Vector search misses keyword-heavy queries. BM25 misses semantic similarity. Combine both with hybrid search for better retrieval recall.
Why Hybrid Search#
Pure vector search struggles with:
- Exact product codes, IDs, or technical terms
- Queries where the user’s exact phrasing matters
- Sparse vocabularies (legal, medical)
BM25 (lexical) handles these well but misses paraphrases and synonyms. Hybrid search combines both for the best of both worlds.
Implementation#
Install dependencies:
uv pip install faiss-cpu rank-bm25 openaiHybrid retriever with Reciprocal Rank Fusion (RRF):
from typing import List, Tuple
import faiss
import numpy as np
from rank_bm25 import BM25Okapi
from openai import OpenAI
class HybridRetriever:
"""Combines FAISS vector search with BM25 lexical search."""
def __init__(
self,
texts: List[str],
sources: List[str],
embedding_model: str = "text-embedding-3-small"
):
self.texts = texts
self.sources = sources
self.embedding_model = embedding_model
# Build FAISS index
self.faiss_index = self._build_faiss_index()
# Build BM25 index
tokenized = [t.lower().split() for t in texts]
self.bm25 = BM25Okapi(tokenized)
def _build_faiss_index(self) -> faiss.IndexFlatIP:
client = OpenAI()
vecs = client.embeddings.create(
input=self.texts,
model=self.embedding_model
).data
X = np.array([v.embedding for v in vecs]).astype("float32")
faiss.normalize_L2(X)
idx = faiss.IndexFlatIP(X.shape[1])
idx.add(X)
return idx
def _embed_query(self, query: str) -> np.ndarray:
client = OpenAI()
resp = client.embeddings.create(input=[query], model=self.embedding_model)
vec = np.array([resp.data[0].embedding]).astype("float32")
faiss.normalize_L2(vec)
return vec
def _vector_search(self, query: str, k: int) -> List[Tuple[int, float]]:
q = self._embed_query(query)
D, I = self.faiss_index.search(q, k)
return [(int(I[0][i]), float(D[0][i])) for i in range(len(I[0]))]

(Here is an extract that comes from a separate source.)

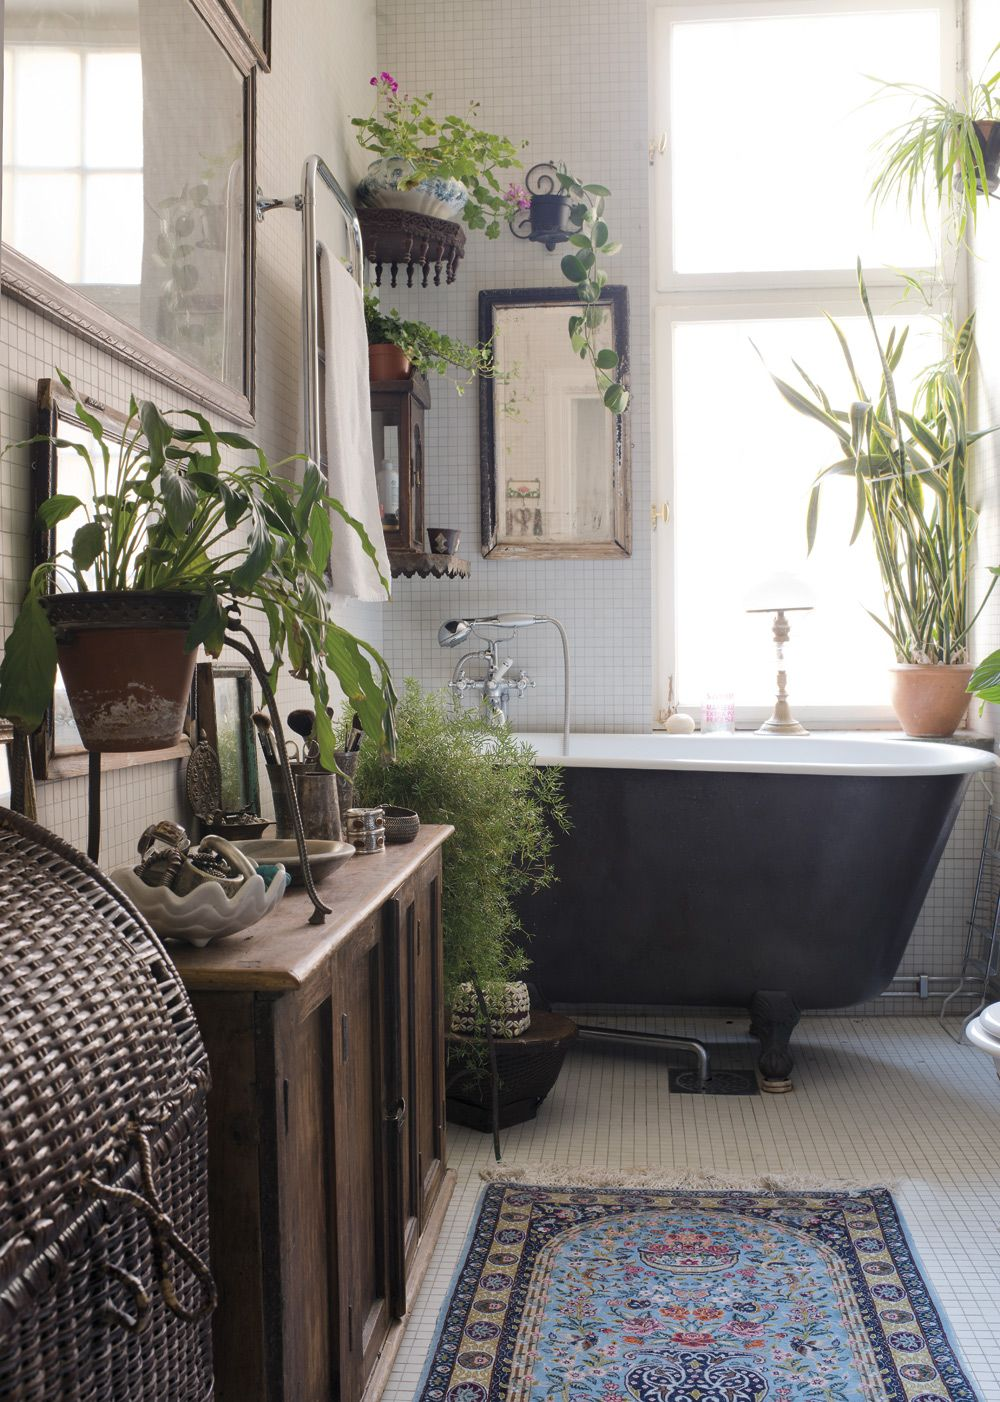 Magasin Salle De Bain Muret ~ badrummet ett frist ende badkar p tassar fr n magasin 13 s tter

def _bm25_search(self, query: str, k: int) -> List[Tuple[int, float]]:
tokens = query.lower().split()
scores = self.bm25.get_scores(tokens)
top_k = np.argsort(scores)[::-1][:k]
return [(int(i), float(scores[i])) for i in top_k]
def search(
self,
query: str,
k: int = 4,
vector_weight: float = 0.5,
rrf_k: int = 60
) -> List[Tuple[str, str, float]]:
"""
Hybrid search using Reciprocal Rank Fusion.
Args:
query: Search query
k: Number of results to return
vector_weight: Weight for vector results (0-1)
rrf_k: RRF constant (default 60)
"""
# Get more candidates than needed for fusion
n_candidates = k * 3
vector_results = self._vector_search(query, n_candidates)

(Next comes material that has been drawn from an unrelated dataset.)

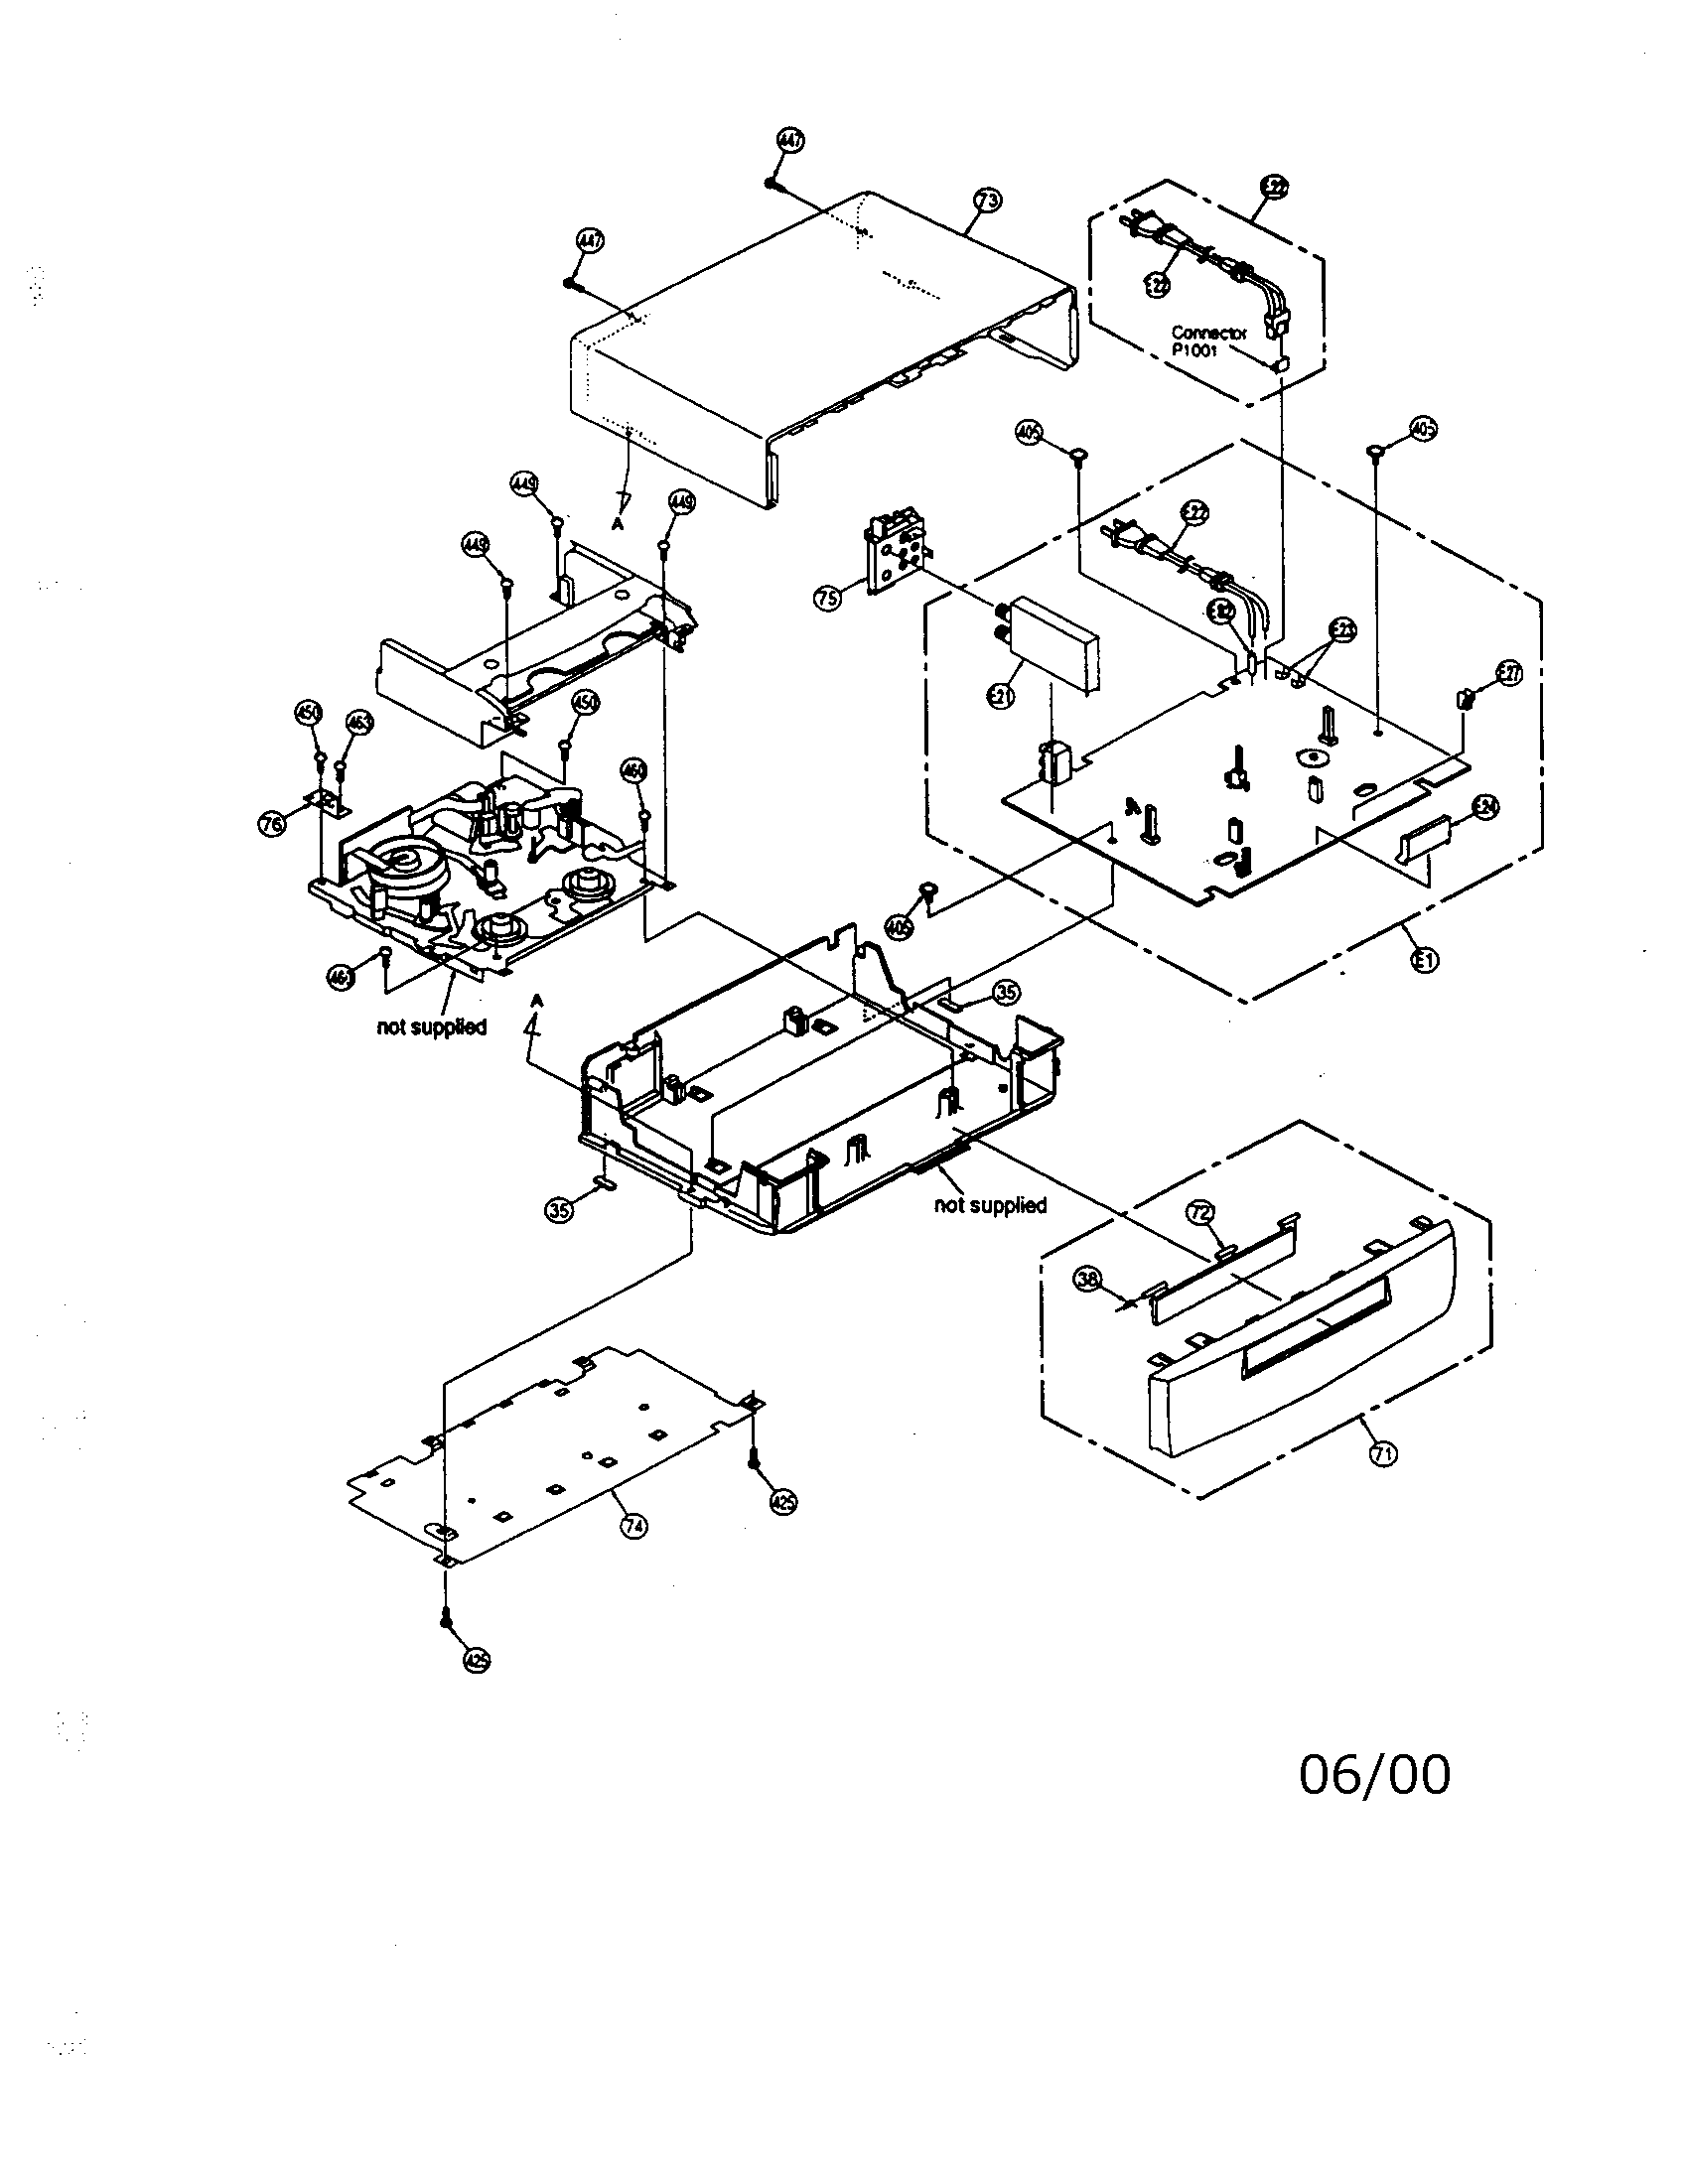 VCR Diagram & Parts List for Model pv-v4520-k Panasonic

bm25_results = self._bm25_search(query, n_candidates)
# Build rank maps
vector_ranks = {idx: rank for rank, (idx, _) in enumerate(vector_results)}
bm25_ranks = {idx: rank for rank, (idx, _) in enumerate(bm25_results)}
# RRF fusion
all_indices = set(vector_ranks.keys()) | set(bm25_ranks.keys())
scores = {}
for idx in all_indices:
v_rank = vector_ranks.get(idx, n_candidates)
b_rank = bm25_ranks.get(idx, n_candidates)

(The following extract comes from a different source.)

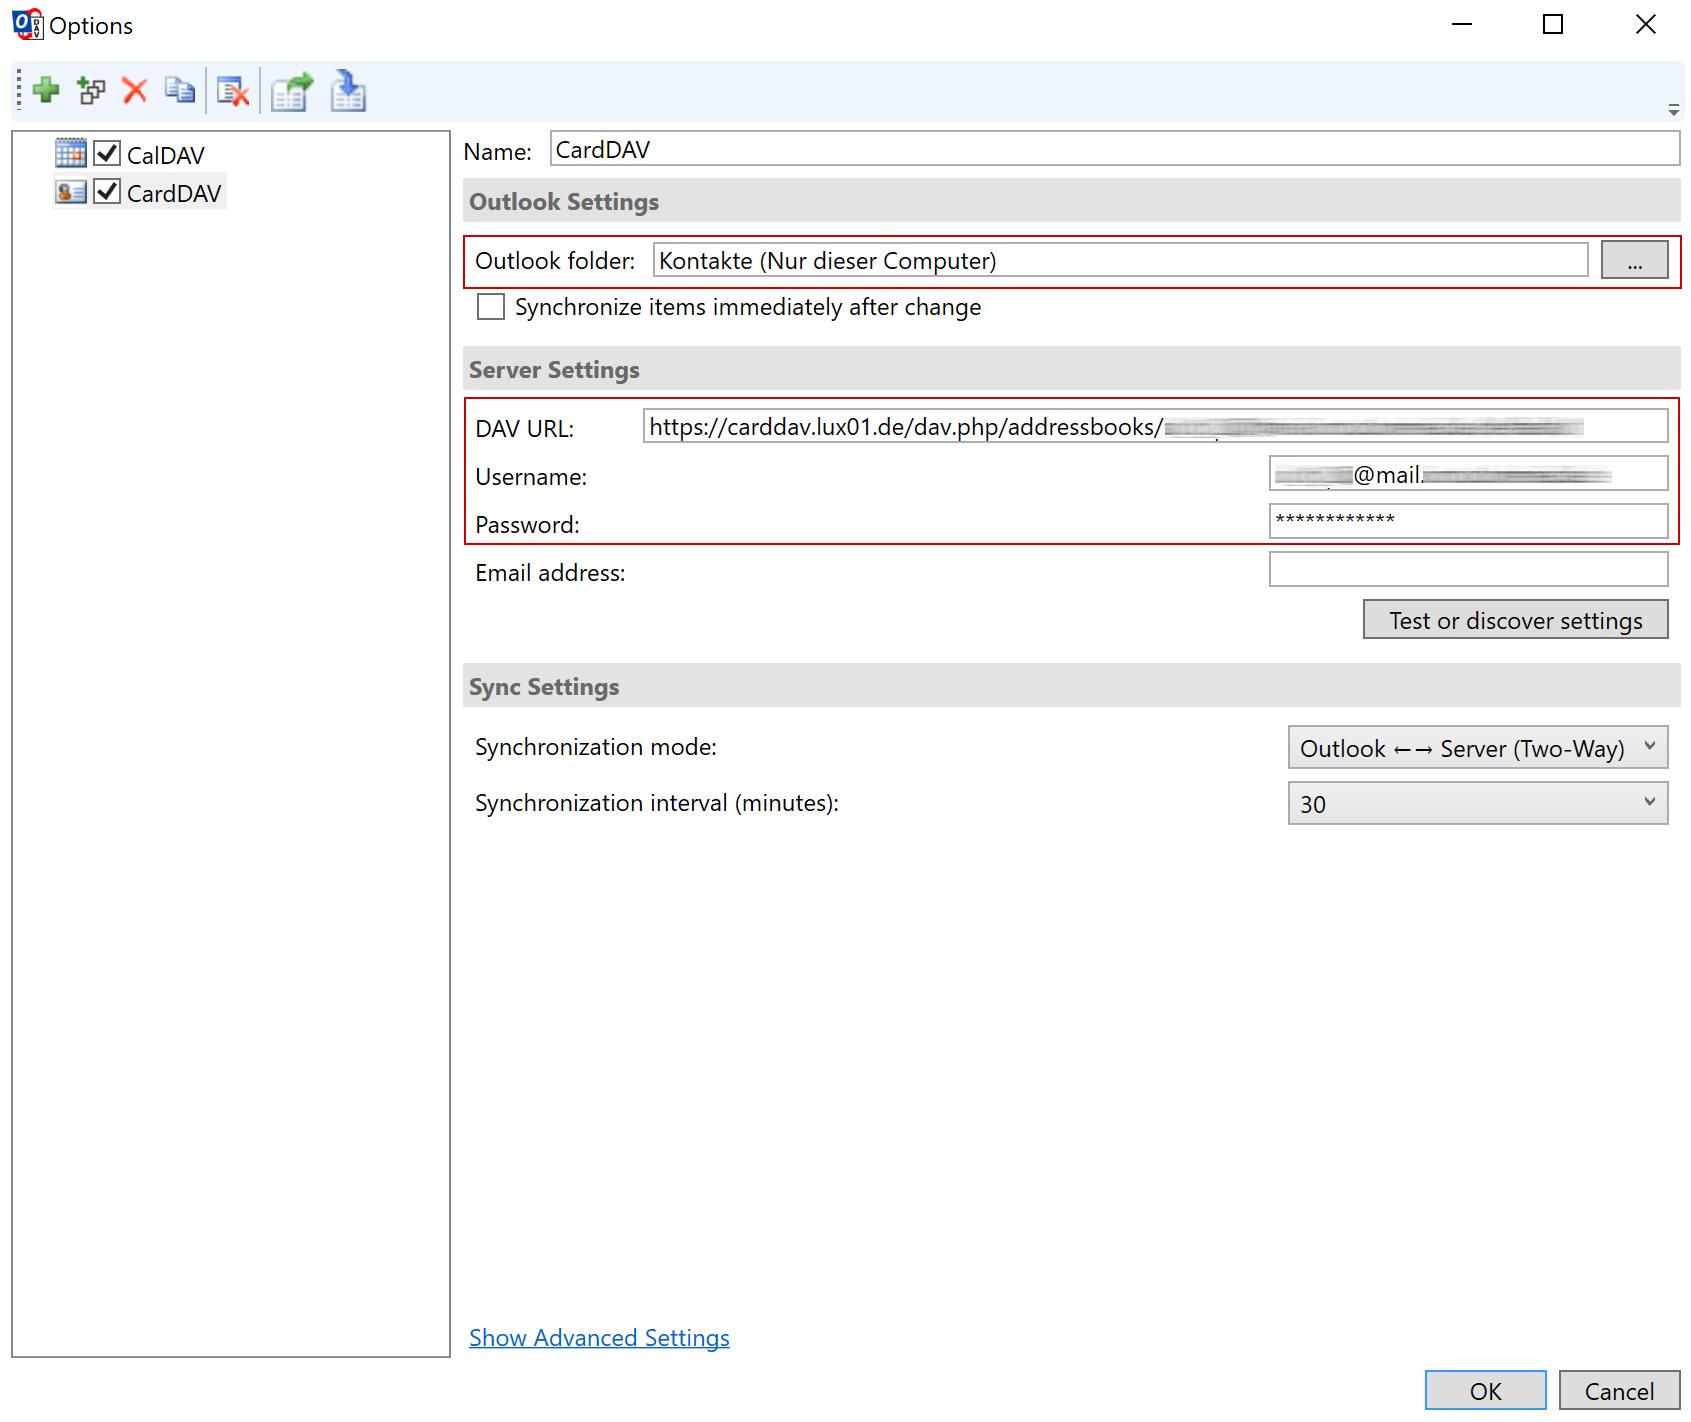 CardDAV via Outlook - 5

v_score = vector_weight / (rrf_k + v_rank)
b_score = (1 - vector_weight) / (rrf_k + b_rank)
scores[idx] = v_score + b_score
# Sort and return top k
ranked = sorted(scores.items(), key=lambda x: x[1], reverse=True)[:k]
return [(self.texts[idx], self.sources[idx], score) for idx, score in ranked]Usage#
corpus = {
"SKU-12345.md": "Product SKU-12345 is a wireless mouse with 2.4GHz connectivity.",
"returns.md": "Customers may return items within 30 days with receipt.",
"warranty.md": "Electronics include a 1-year limited warranty.",
}
texts, sources = [], []
for src, text in corpus.items():
texts.append(text)
sources.append(src)
retriever = HybridRetriever(texts, sources)
# Keyword query - BM25 helps
results = retriever.search("SKU-12345", k=3)
# Semantic query - vector helps
results = retriever.search("how long can I return a product", k=3)Tuning Hybrid Search#
| Parameter | Default | Notes |
|---|---|---|
vector_weight | 0.5 | Increase for semantic-heavy queries |
rrf_k | 60 | Standard RRF constant, rarely needs tuning |
n_candidates | k * 3 | More candidates = better fusion, more cost |
Start with equal weights. If users search exact codes/IDs often, lower vector_weight to 0.3.
When to Use Hybrid#
Use hybrid search when:
- Corpus contains technical terms, IDs, or codes
- Users search with exact phrases
- Pure vector search shows low recall on keyword queries
Skip hybrid if your queries are purely semantic and corpus is natural language. See LightRAG: Lean RAG for the pure vector approach.